*DIRECTIONS*. Give back the whole listing verbatim, printing none of its pictures.

*INFORMATION SHOWN*.

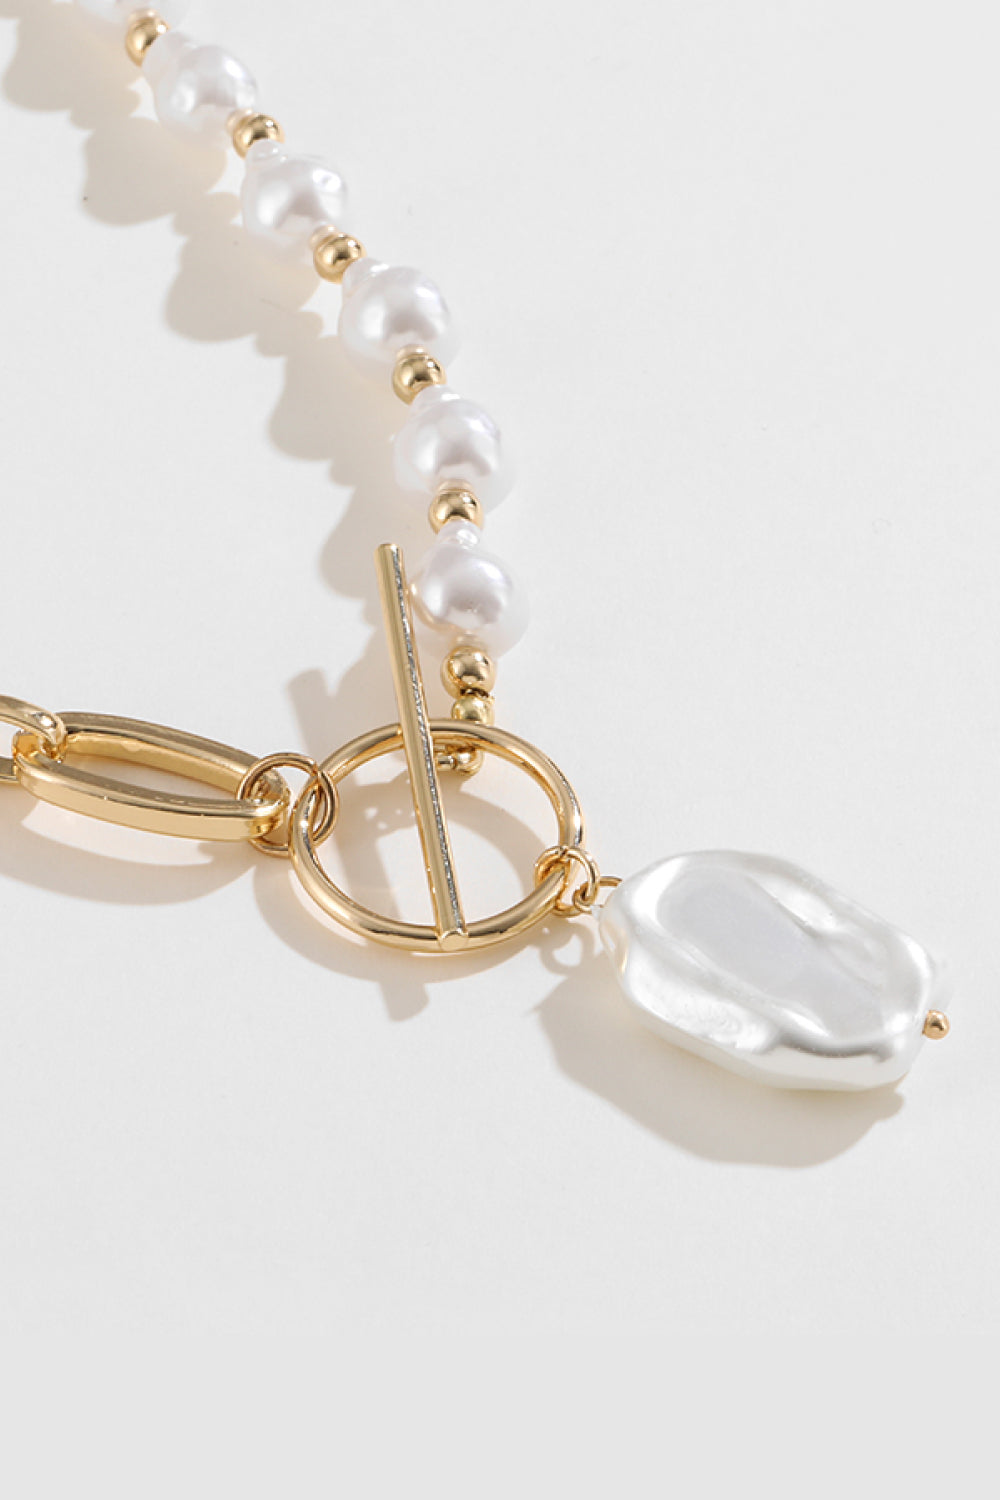 Women's Half Pearl Half Chain Toggle Clasp Necklace
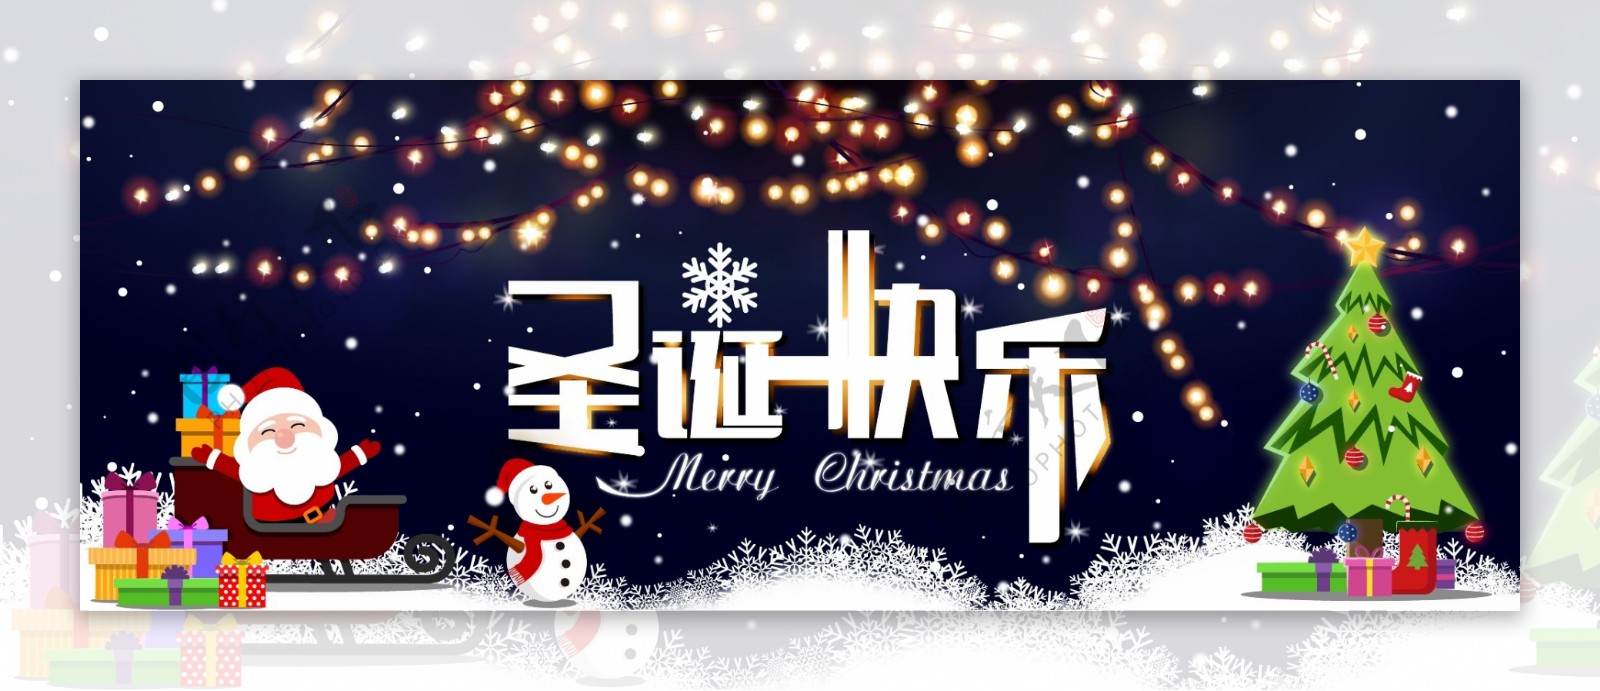 圣诞节雪人圣诞老人礼物圣诞树灯光宣传海报
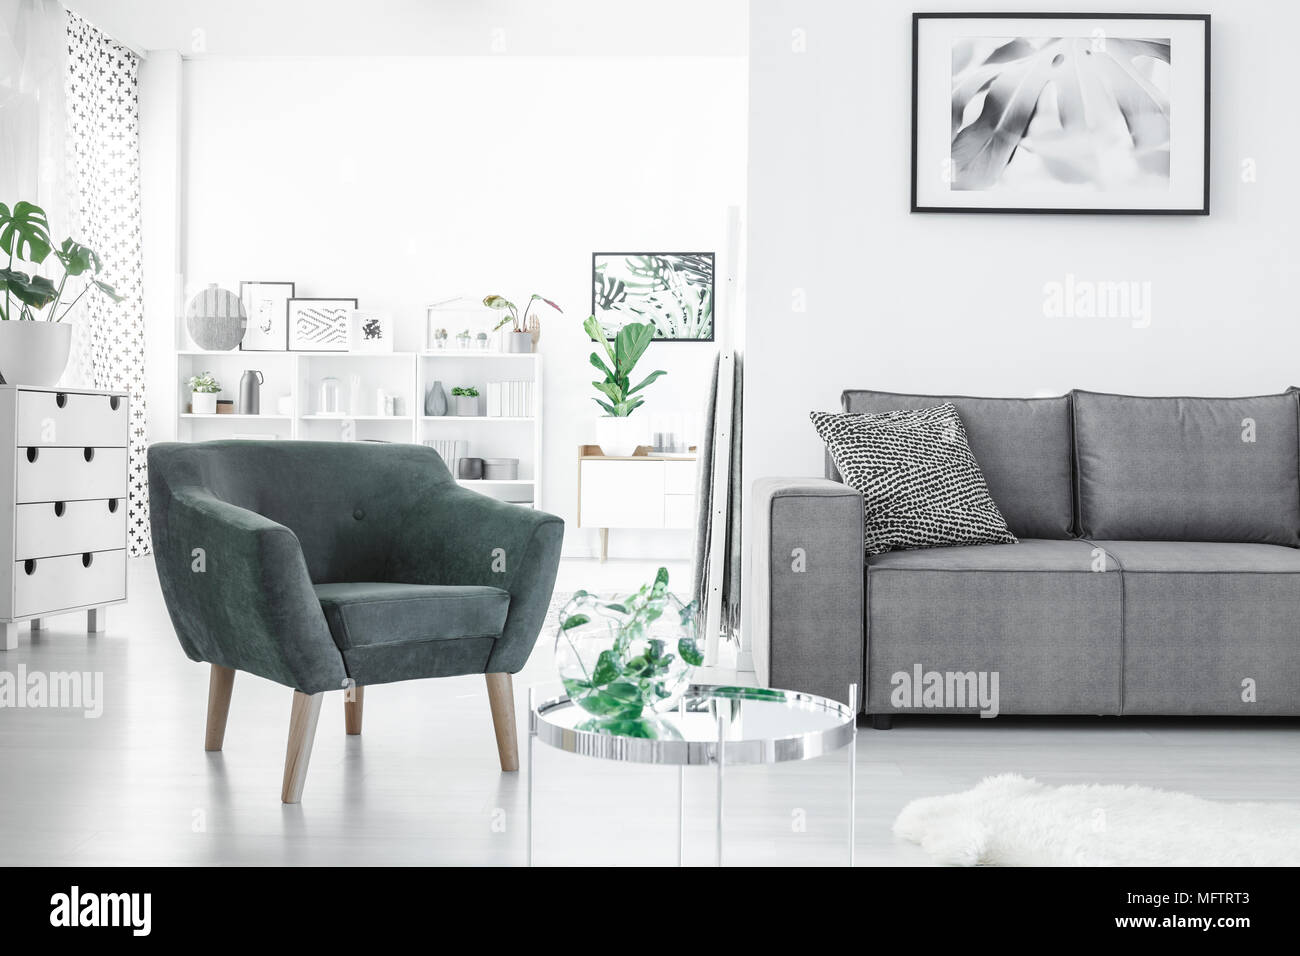 L'espace ouvert salon blanc intérieur avec des plantes fraîches, des affiches, de la table et fauteuil vert gris Banque D'Images
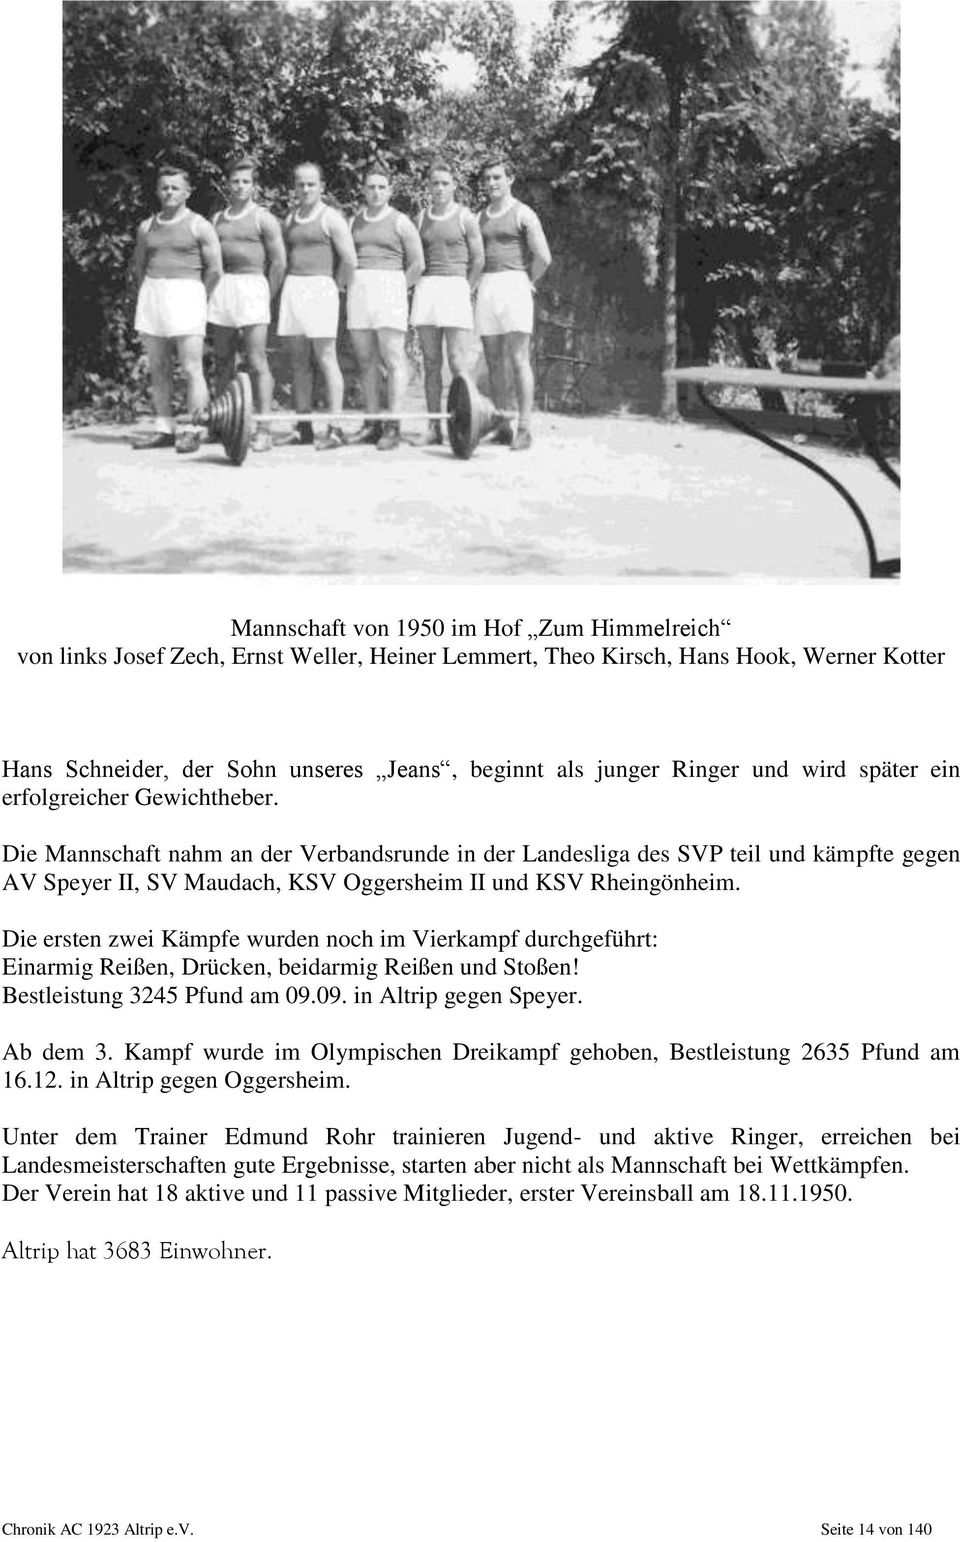 Die Mannschaft nahm an der Verbandsrunde in der Landesliga des SVP teil und kämpfte gegen AV Speyer II, SV Maudach, KSV Oggersheim II und KSV Rheingönheim.

*RESPONSE BOX*.
 Women's Half Pearl Half Chain Toggle Clasp Necklace
 圣诞节雪人圣诞老人礼物圣诞树灯光宣传海报
 L'espace ouvert salon blanc intérieur avec des plantes fraîches, des affiches, de la table et fauteuil vert gris Banque D'Images
 Die Mannschaft nahm an der Verbandsrunde in der Landesliga des SVP teil und kämpfte gegen AV Speyer II, SV Maudach, KSV Oggersheim II und KSV Rheingönheim.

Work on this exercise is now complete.